V. Семиология источника

V. 1. Все, что мы говорили в параграфах А.2.1 и А.2.IV, относится к ситуации, когда мы имеем дело с адресатом — не машиной, а человеком. При этом, как мы видели, происходит переход из мира сигналов, исчисляемых в физических единицах информации, в мир смысла, описываемого в понятиях денотации и коннотации. Но все сказанное также помогает нам понять, как обстоят дела в том случае, когда место физического источника информации и передатчика-машины занимает человек.

В этом случае мы можем сказать, что источник и передатчик информации сливаются воедино в человеке, становящемся отправителем сообщения (даже если различить в нем мозг как источник информации и артикуляционный аппарат как передающее устройство).

Здесь, однако, мы вынуждены задаться вопросом, волен ли человек в своих речах, свободен ли он говорить все что вздумается или он тоже предопределен неким кодом. Сам факт того, что «наши мысли» являются нам не иначе как в словах, неизбежно наводит на мысль, что и источник сообщения также подвластен коду. Язык, его механизм, заставляет сказать так, а не эдак, предписывая говорить одно, а не другое. А если так, то подлинным источником и хранилищем потенциальной информации следует считать сам код. Код, напомню, рассматриваемый как система вероятностей, ограничивающая равновероятность источника, но, в свою очередь, оказывающаяся равновероятной по отношению к не бесконечному, хотя и достаточно длинному ряду выстраиваемых на его основе сообщений.

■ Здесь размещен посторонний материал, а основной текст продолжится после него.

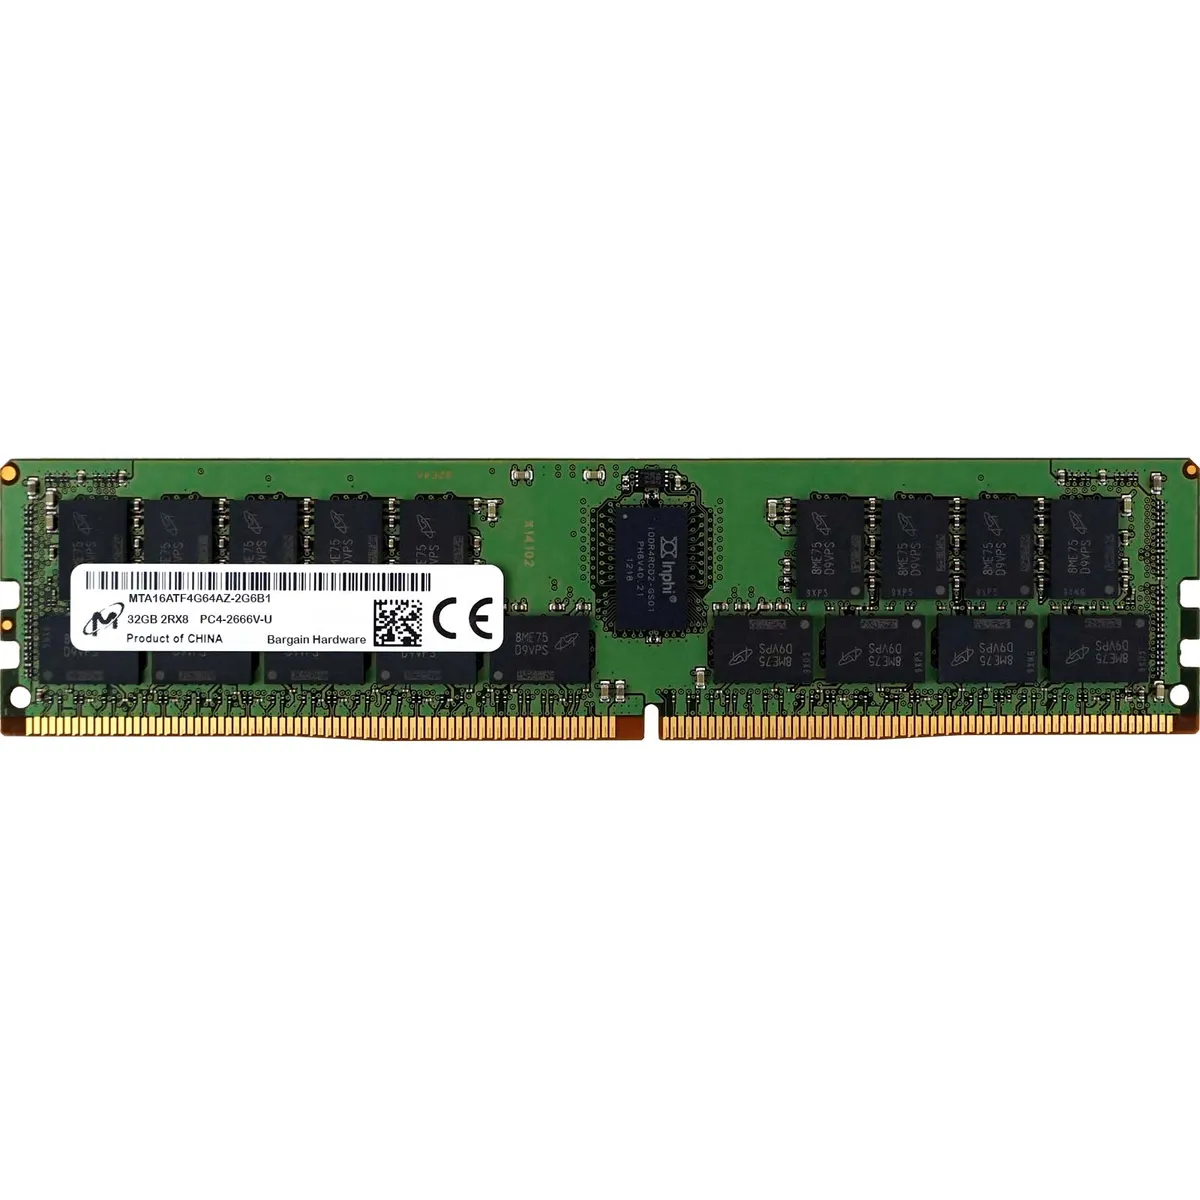 Micron (MTA16ATF4G64AZ-2G6B1) - 32GB PC4-21300V-U (2RX8, DDR4-2666MHz) RAM

V. 2. Вопрос этот является главной проблемой философии языка и формулируется по-разному. Пока что мы его оставим, ограничившись определением отправителя как говорящего человека, чья речь обусловлена всеми соответствующими биологическими и культурными факторами, отчего и можно предположить, что в большинстве случаев речь будет автоматически навязываться кодом [Ср. крайнюю позицию, занимаемую по этому вопросу Лаканом Ecrits, cit, из критиков Лакана упомянем Francois van Laere, Lacan ou le discours de I'inconscient, in «Synthese», aprile-maggio, 1967.]. И все же, говоря об отправителе, мы считаем его источником информации, имея в виду, что, чем бы ни была продиктована его речь, в акте говорения правила кода неизбежно регулируют и ограничивают разнообразие и богатство потенциальных высказываний [Факт влияния языкового кода на говорящего заставляет вернуться к вопросу о том, является ли лингвистика частью семиологии или семиология частью лингвистики, если в качестве кода как источника всякой возможной информации выступает словесный язык. Однако Лакан полагает, что также и сам словесный язык может кодифицироваться на базе глубинного бинарного механизма (см. по этому поводу весь раздел д.5).].